RTO and RPO have had a good run. For decades, Recovery Time Objective and Recovery Point Objective have been the default language of resilience planning - the numbers organisations point to when they want to demonstrate they've thought seriously about what happens when things go wrong.
The problem is that they measure the wrong thing. Or rather, they measure one narrow slice of a much larger picture, and somewhere along the way that slice became a proxy for the whole.
Recovery Time Objective tells you how quickly you aim to restore a system. Recovery Point Objective tells you how much data loss you're prepared to accept. Both are useful. Neither tells you whether your organisation can actually function during the period between an incident starting and normal operations resuming.
That gap - what happens in the middle - is where most organisations are flying blind. And it's where the real cost of an incident accumulates.
Systems being offline is expensive. But poor decisions made under pressure, failed communications, regulatory deadlines missed, customers left without answers, leadership teams unable to coordinate - these are often where the lasting damage is done. None of them show up in your RTO.
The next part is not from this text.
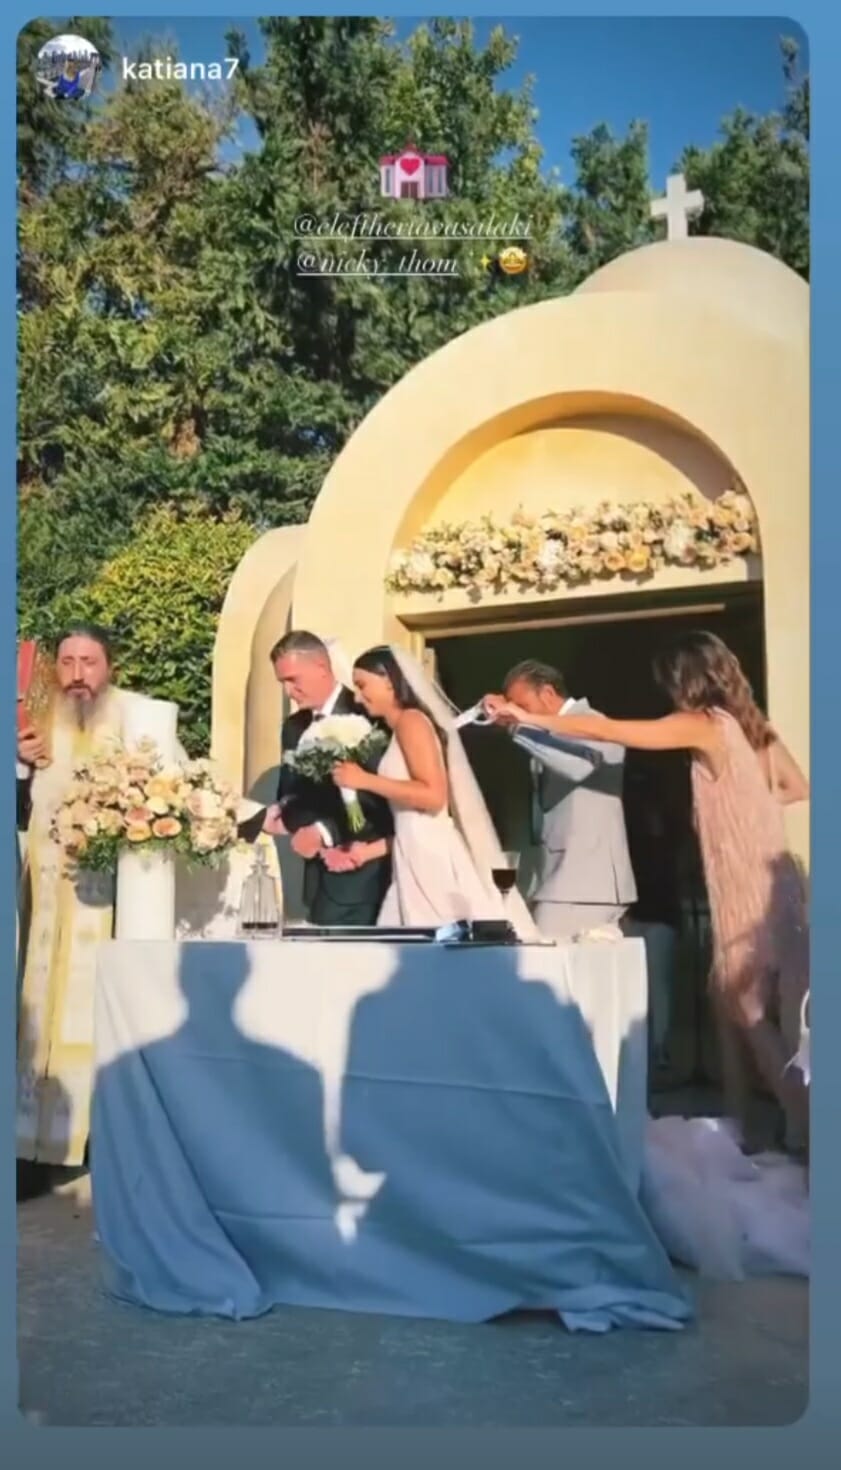 Πρώην διεθνής ποδοσφαιριστής παντρεύτηκε με κουμπάρους τον Γιάννη Μαρακάκη και την σύζυγό του, Νίκη Θωμοπούλου

Mean Time to Detect (MTTD). How long does it take your organisation to identify that something is wrong? In many breaches, attackers have been present for weeks before detection. The recovery clock doesn't start at the moment of breach — it starts at the moment you know about it. MTTD is the metric that tells you how much of the incident you're dealing with retrospectively.
Communication Continuity Rate. Can your incident response team actually reach each other, and the right stakeholders, when primary systems are degraded or suspect? This rarely gets measured. It should. The ability to coordinate a response is the precondition for everything else - and it's frequently the thing that breaks first.
Decision Latency. How long does it take your organisation to move from identifying a problem to making a consequential decision about it? Slow decision-making during an incident isn't just frustrating — it's costly. Measuring it forces the uncomfortable conversation about who has authority, who needs to be consulted, and where the bottlenecks actually are.
Regulatory Deadline Adherence. Under DORA, NIS2, and FCA rules, notification timelines are specific and unforgiving. Whether your organisation meets them during a real incident is a direct measure of operational resilience - and one that has concrete consequences if the answer is no.
Post-Incident Capability Degradation. How long after an incident is resolved does your organisation operate below full capacity? Recovery time measures when systems come back. This measures when people, processes, and confidence do. They're rarely the same date.
Resilience has moved up the agenda - regulators are asking harder questions, boards want more than a slide showing RTO targets, and the threat landscape has made it clear that incidents are a question of when, not if.
The organisations that handle incidents well aren't just the ones that recover fastest. They're the ones that communicate clearly, decide quickly, and maintain enough situational awareness to stay ahead of a situation that's actively trying to outpace them.
Measuring recovery time is easy. Measuring your ability to function under pressure is harder - but it's the question that actually matters.